In general, scrutiny of China’s water projects is scant, and the government is in a hurry. It wants to add electricity-generating capacity, lest China’s breakneck growth be impeded. Giant hydropower companies, with impeccable political connections, add their own layer of secrecy. Risks attend those who question the lack of transparency. Perhaps 500,000 locals, mainly ethnic minorities, are being displaced and forcibly resettled. Those who protest are threatened with less compensation, if not jail.

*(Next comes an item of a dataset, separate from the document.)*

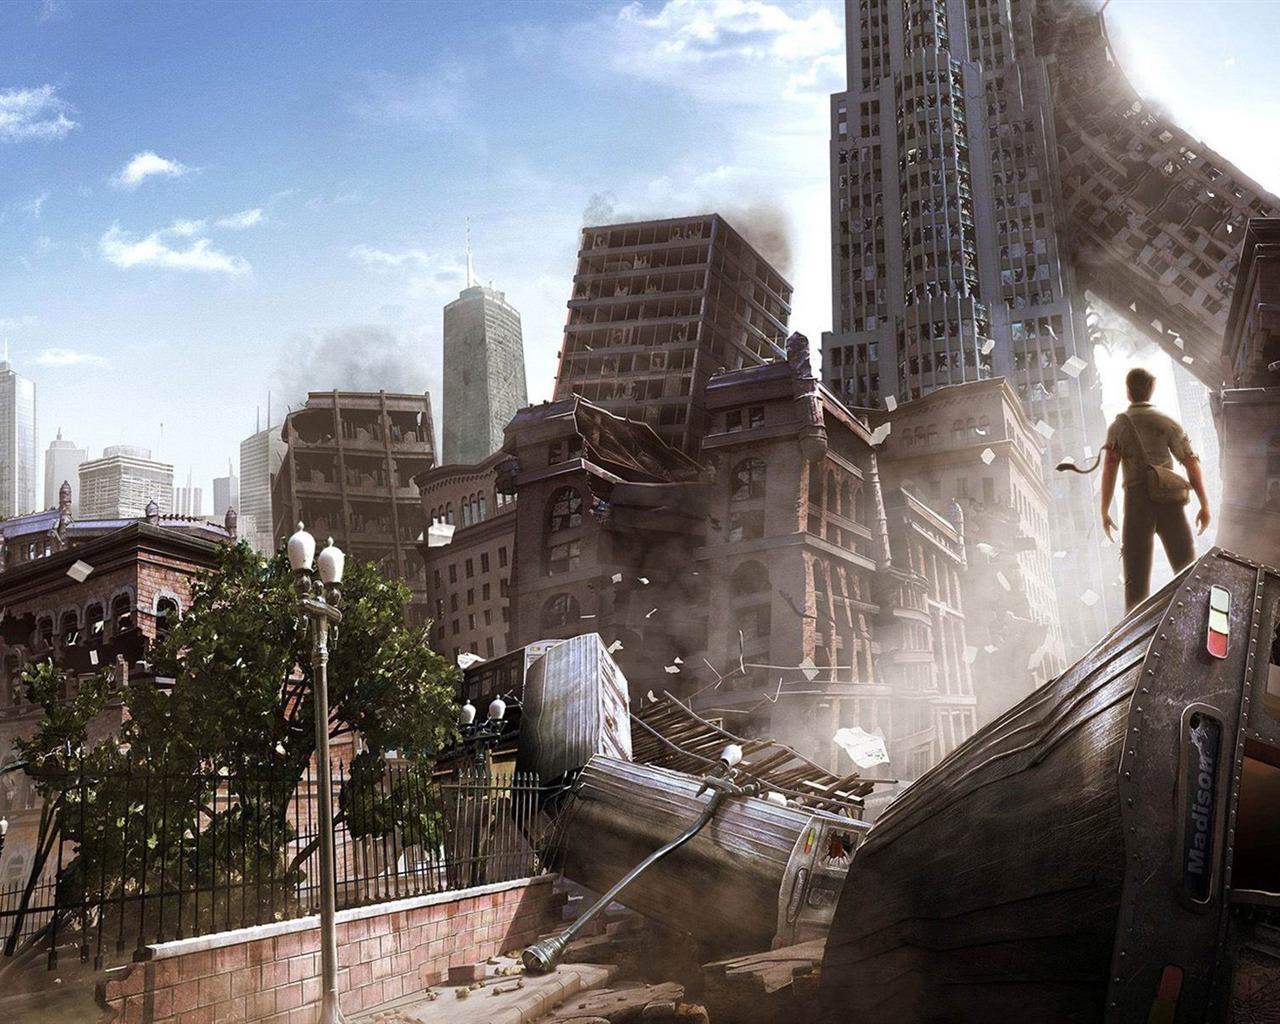 手绘图_末日后的大都市-劫后余生的世界插画壁纸预览 | 10wallpaper.com

The Chinese press steers clear of dams with a barge-pole. Academics and NGO representatives who oppose the dam-building on social or environmental grounds do not want their names published. In private even academics in favour of hydropower development complain that nearly all relevant information, even the amount of rain that reaches them, is treated as a state secret. (Though, they add, at China’s meteorological and rivers bureaus, even state secrets can be imparted if the price is right.)
Until recently China was no less communicative towards downstream neighbours, who have seen a sharp drop in Mekong levels in recent years. Thailand, Laos, Cambodia and Vietnam complain that China neither consults nor informs them about what it is up to. For all that it preaches harmony and good neighbourliness, China comes across as a regional bully, with its foot on the Mekong’s throat. The Mekong basin is the greatest inland fishing region in the world. Distraught Thai, Laotian and Cambodian fisherman and farmers blame Chinese dams for killing off fish stocks, cutting irrigation and disrupting livelihoods. Recently a Bangkok Posteditorial accused China of “Killing the Mekong”.
In March China broke its silence over dams, denying that it was responsible for reducing the Mekong’s flow reaching downstream neighbours. It blamed instead the drought, from which China has suffered as much as anyone. The truth lies somewhere in between. Less than one-sixth of the total Mekong catchment is in China, but that upstream flow is crucial to neighbours during the dry season. China has held some of the dry-season flow back.
The monsoon rains of the past month will help draw some of the criticism’s sting. So too, perhaps, will a possible easing of Chinese secrecy. In April China defended itself (another first) at the Mekong River Commission, the inter-governmental body supposed to resolve disputes. And last month China took officials from Thailand, Laos, Cambodia and Vietnam to view both Xiaowan and Jinghong dams. Banyan had less luck. Near Jinghong nervous policemen ordered him to leg it before he got so much as a glimpse of the structure.
Still, the shift in public diplomacy may mark a slightly broader approach towards what China perceives to be in its national interest. At the very least, the countries resentful of China’s dams are also those to which it hopes to sell the electricity. But a cynic might further conclude that to the extent that upriver dams smooth a flow’s seasonal extremes, China’s upriver projects actually make ones in downstream countries more feasible, too. There are nearly a dozen plans to dam the lower Mekong, and Chinese state construction companies want to be involved.
Those in glassy waters shouldn’t throw stones
Such plans suggest that though China is getting all the brickbats, downstream countries should face much closer scrutiny too. China, says a water expert at the Asian Development Bank, is not to blame for all their woes. For instance, the alarming salinisation of the Mekong delta, Vietnam’s rice-basket, appears to be happening not because of China, as some Vietnamese claim, but at least in part because of Vietnam’s own hydropower projects nearby. Laos is expected soon officially to announce its intention to build at least one Mekong dam, with potentially devastating consequences for the migratory fish species that, among other things, provide essential protein for many Cambodians. Pity the poor wild rivers and their amazing diversity: dammed if the riparian neighbours fail to co-operate, and damneder if they do.